[Exercise prompt]
Please keep the images out and set down the data exactly as given.

[Information provided]
------------------------------
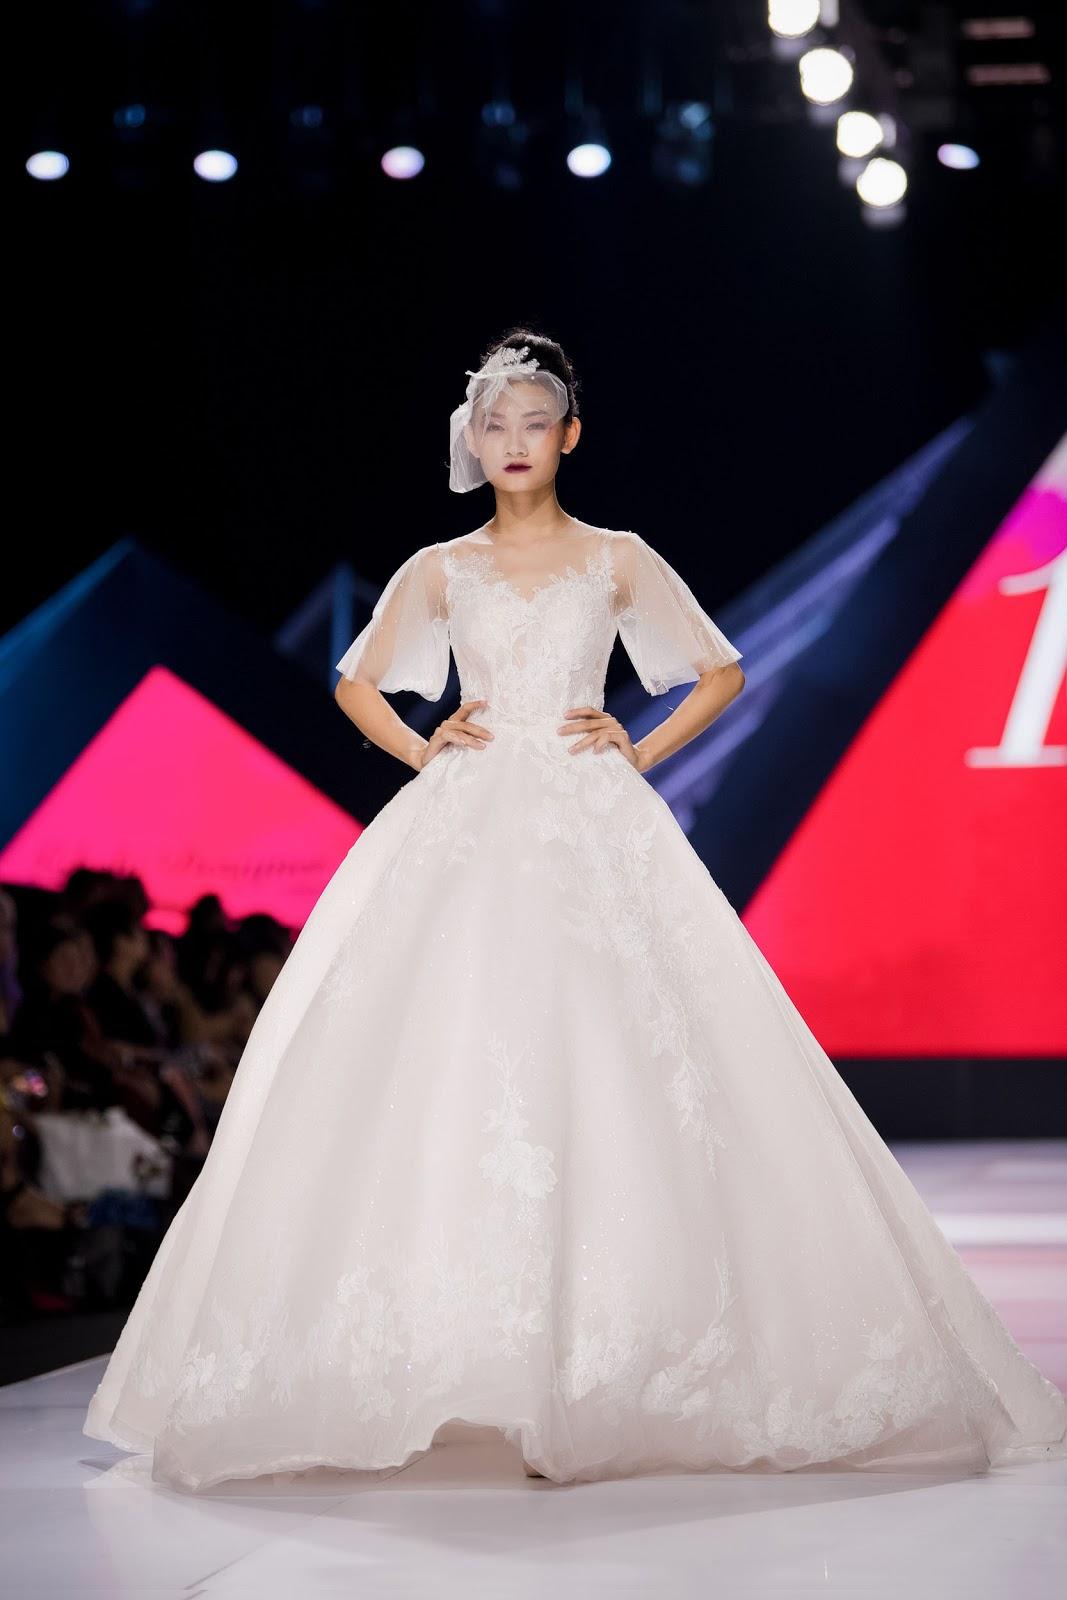 Phillip Nguyễn tình tứ cổ vũ Linh Rin diễn thời trang, Mợ Hai Cao Thái Hà lột xác khi mở màn - Hình 5
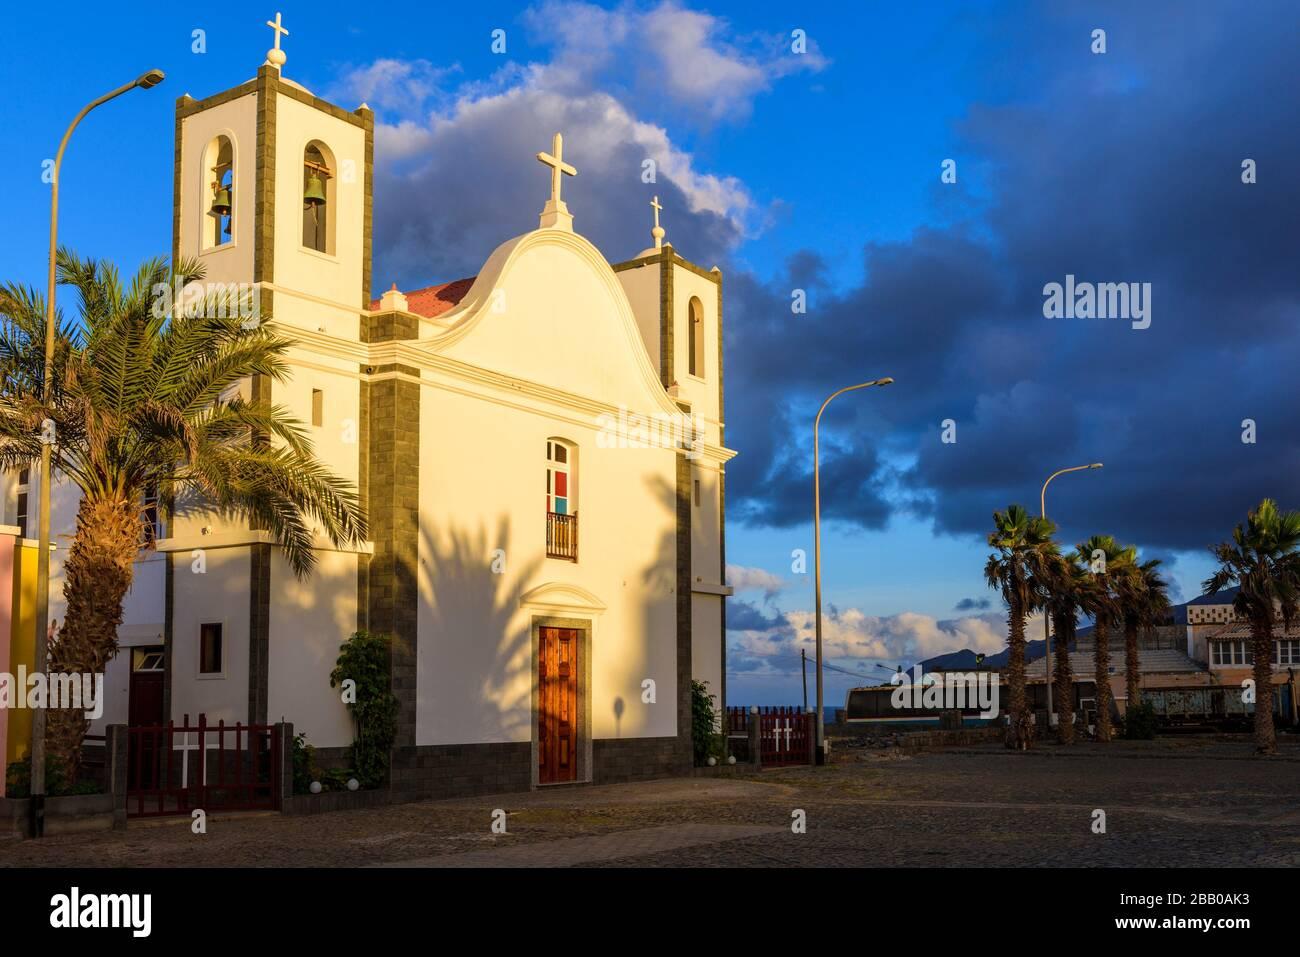 Iglesia de nuestra Señora de la Liberación, Pueblo Ponta do Sol, municipio Ribeira Grande, Santo Antao, Islas Cabo Verde, África. Foto de stock
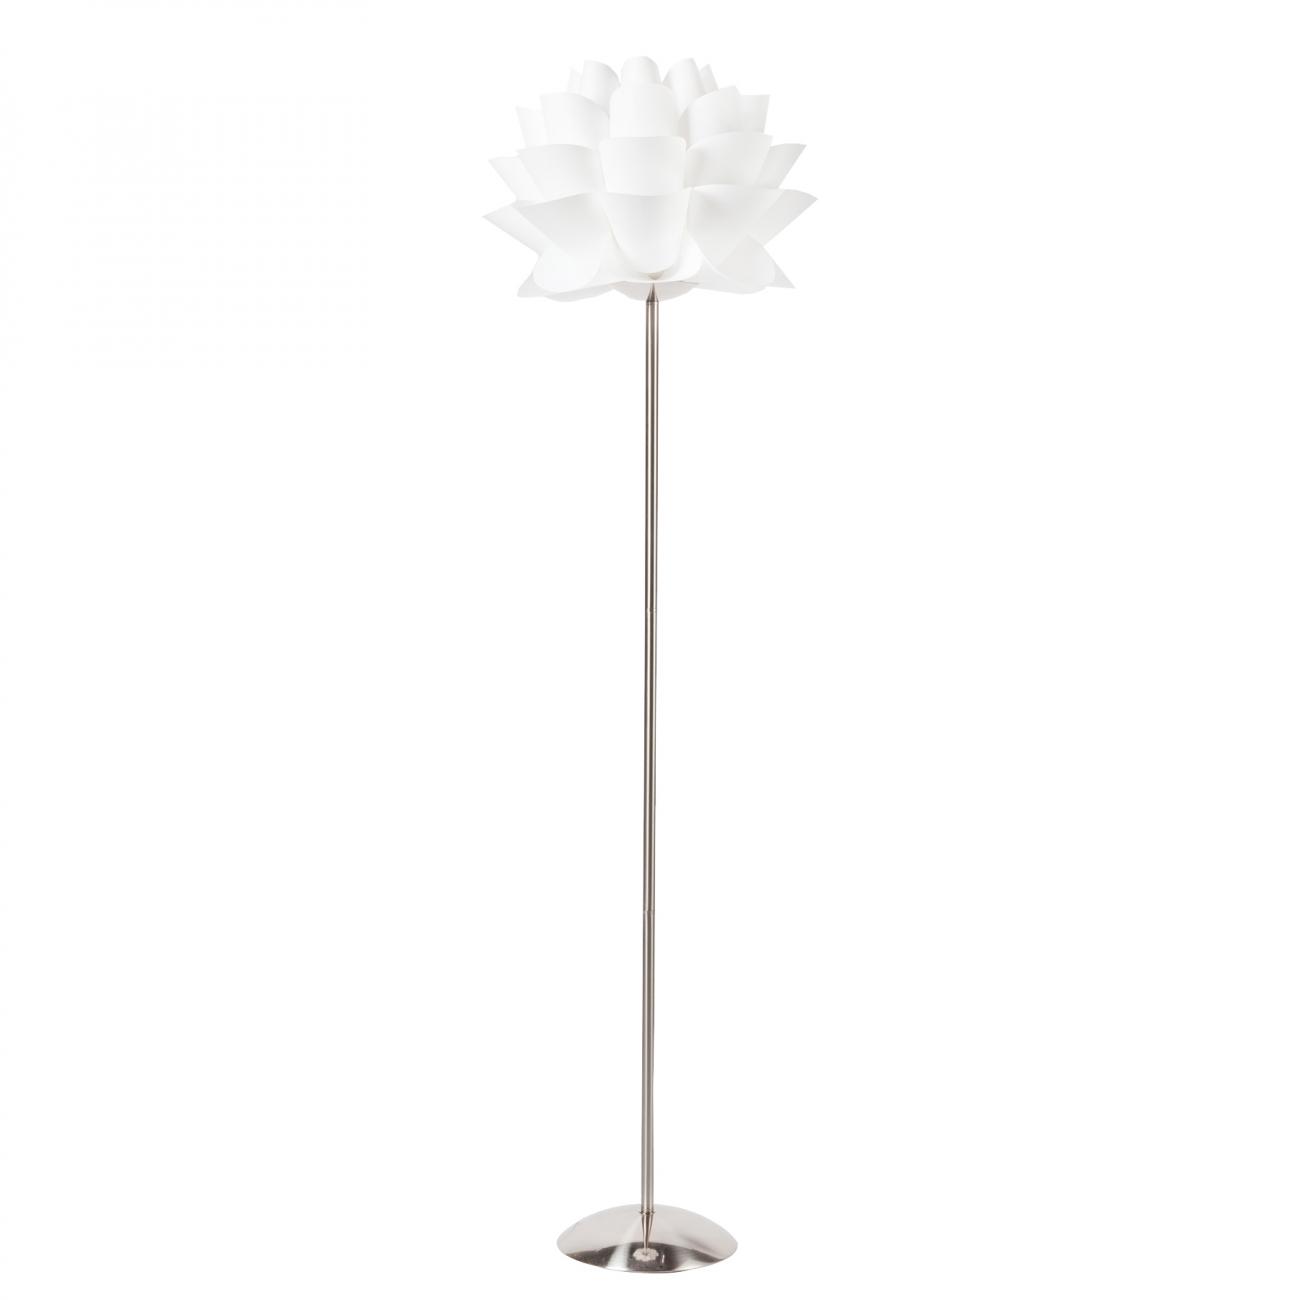 Купить Торшер Arto в интернет магазине дизайнерской мебели и аксессуаров для дома и дачи
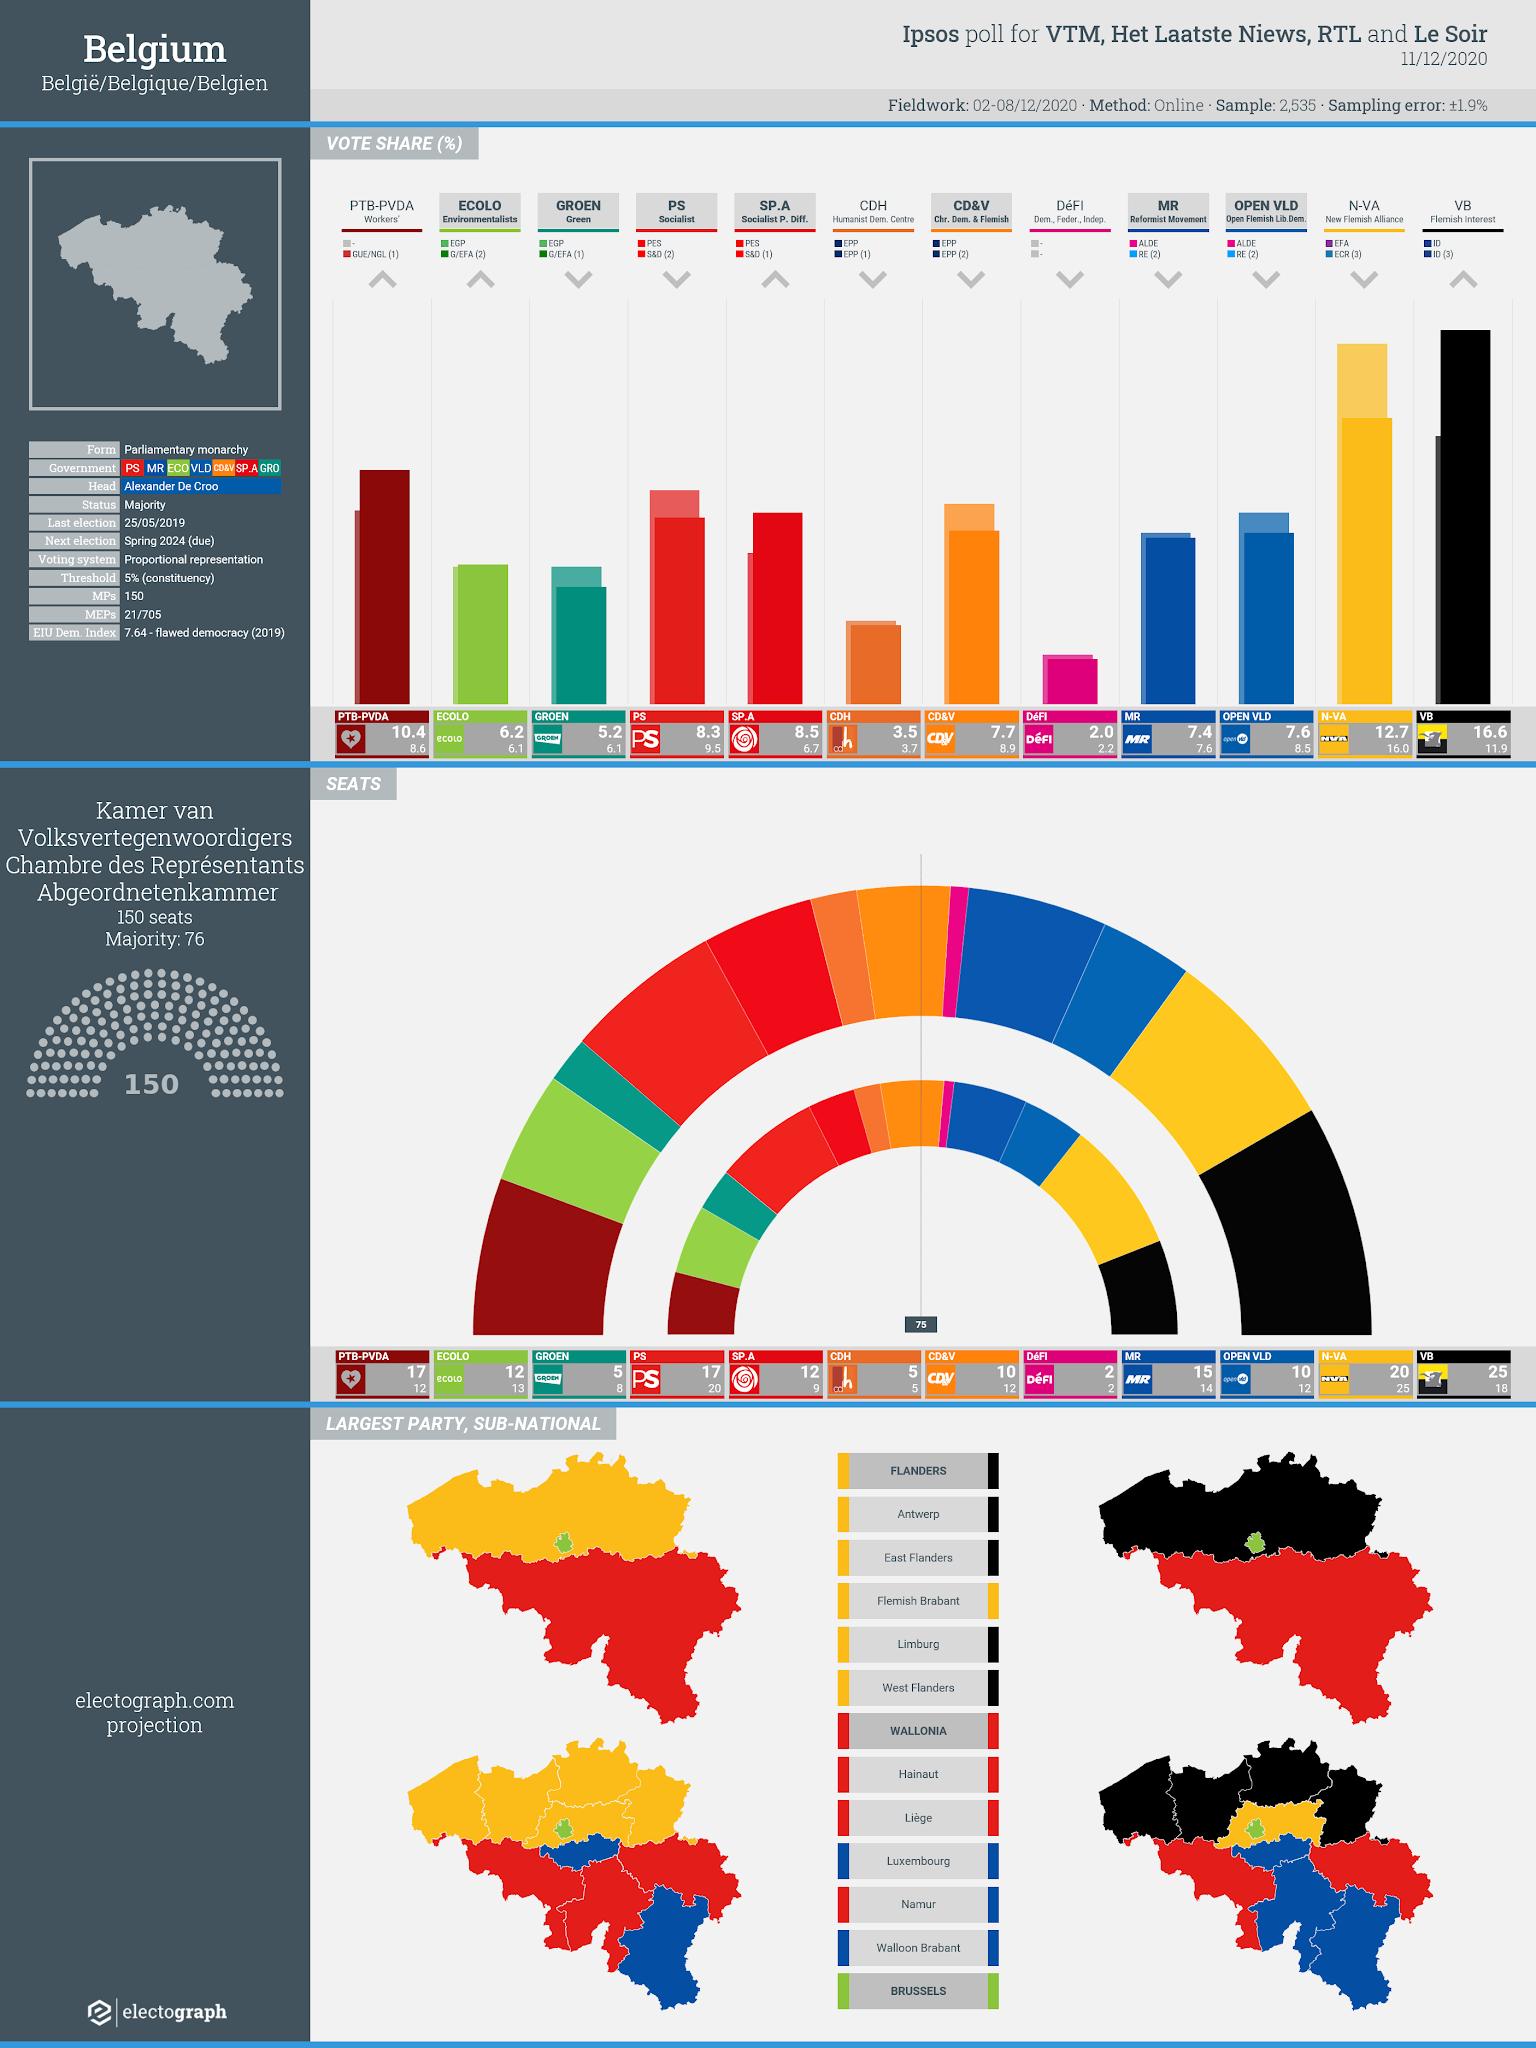 BELGIUM: Ipsos poll chart for VTM, Het Laatste Nieuws, RTL and Le Soir, 11 December 2020
------------------------------
[Reply to the task]
 Phillip Nguyễn tình tứ cổ vũ Linh Rin diễn thời trang, Mợ Hai Cao Thái Hà lột xác khi mở màn - Hình 5
 Iglesia de nuestra Señora de la Liberación, Pueblo Ponta do Sol, municipio Ribeira Grande, Santo Antao, Islas Cabo Verde, África. Foto de stock
 Купить Торшер Arto в интернет магазине дизайнерской мебели и аксессуаров для дома и дачи
 BELGIUM: Ipsos poll chart for VTM, Het Laatste Nieuws, RTL and Le Soir, 11 December 2020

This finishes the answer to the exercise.